Such models reflect the direct impact of one population upon the other. The simplest form of competition, however, occurs when two or more populations compete for the same resource, such as a common food supply or a growth-limiting nutrient. A simple example of this type of competition can be observed in a laboratory device, called a chemostat or a continuous culture, that models competition in a very simple lake. The chemostat is a dynamic system with continuous material inputs and outputs. An ecosystem is so complex, so difficult to comprehend, that any attempt to understand its interactions is frequently doomed to failure because of a luck of rigorous controls. Consequently, in many cases we study population interactions under simplified, controllable laboratory conditions.

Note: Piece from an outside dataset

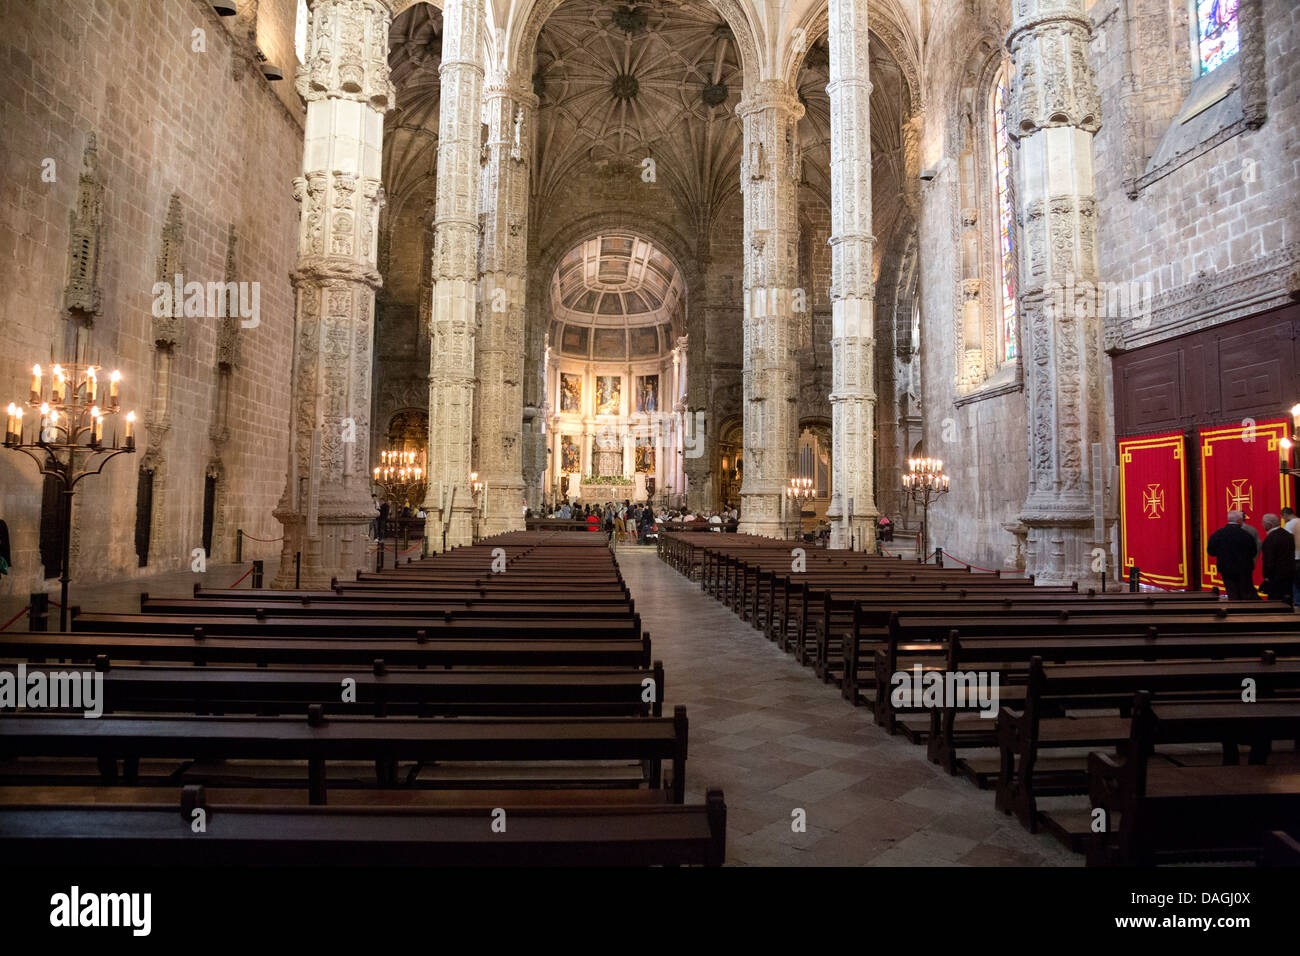 Chiesa di Santa Maria de Belem nel monastero di Hieronymites, Sito Patrimonio Mondiale dell'UNESCO, stile manuelino Foto Stock
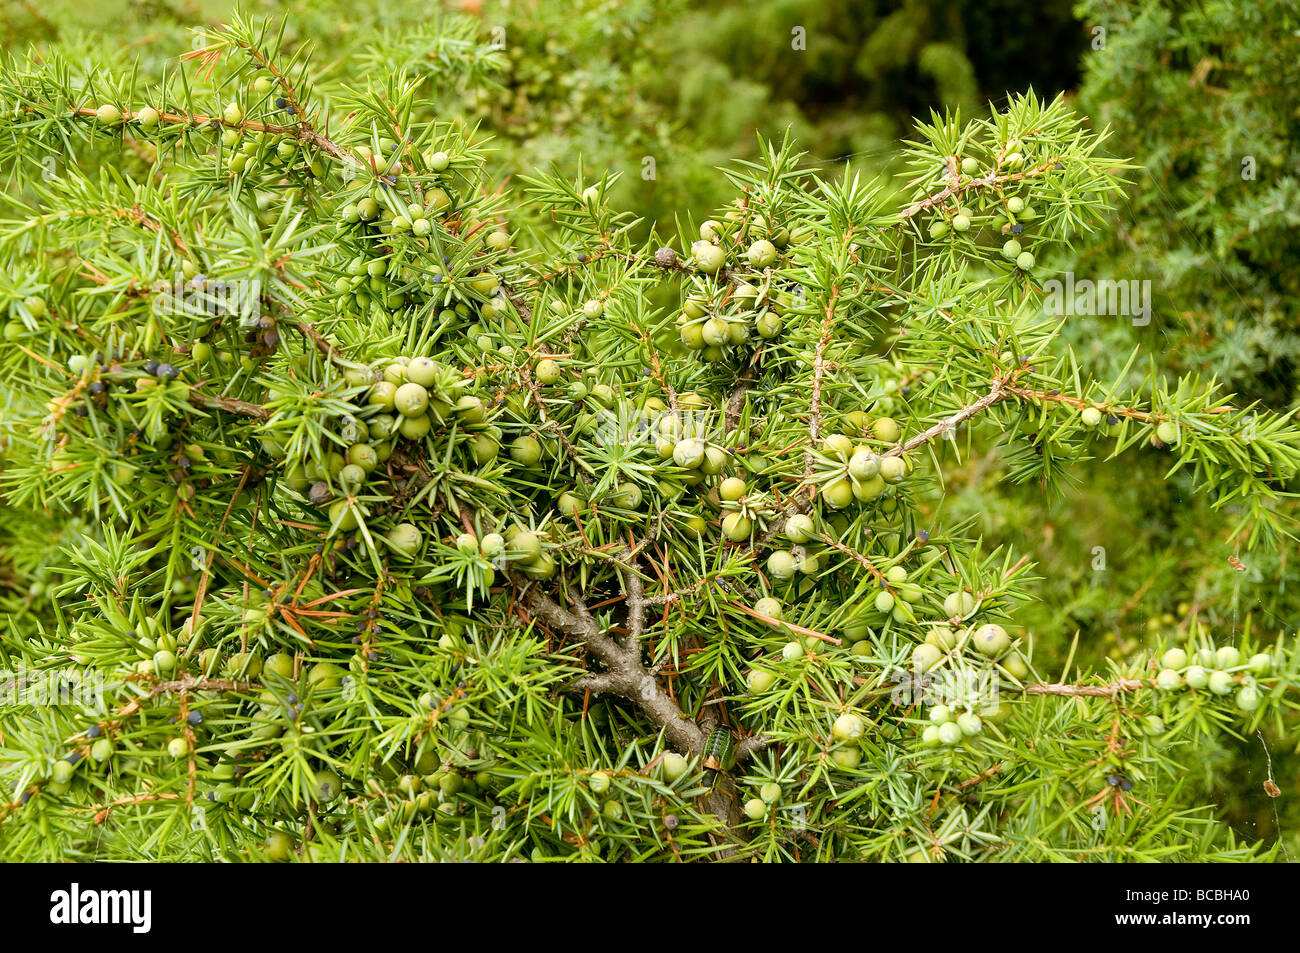 a juniper plant Stock Photo

In this section, we explore application of two- and higher-dimensional systems of differential equations in some problems of population dynamics. We start with populations of two species that occupy the same habitat and compete for limited resources. Although the equations we start with are extremely simple compared to the very complex relationships that exist in nature, it allows us to get some insights into ecological problems. A number of mathematical models have been constructed to address this issue.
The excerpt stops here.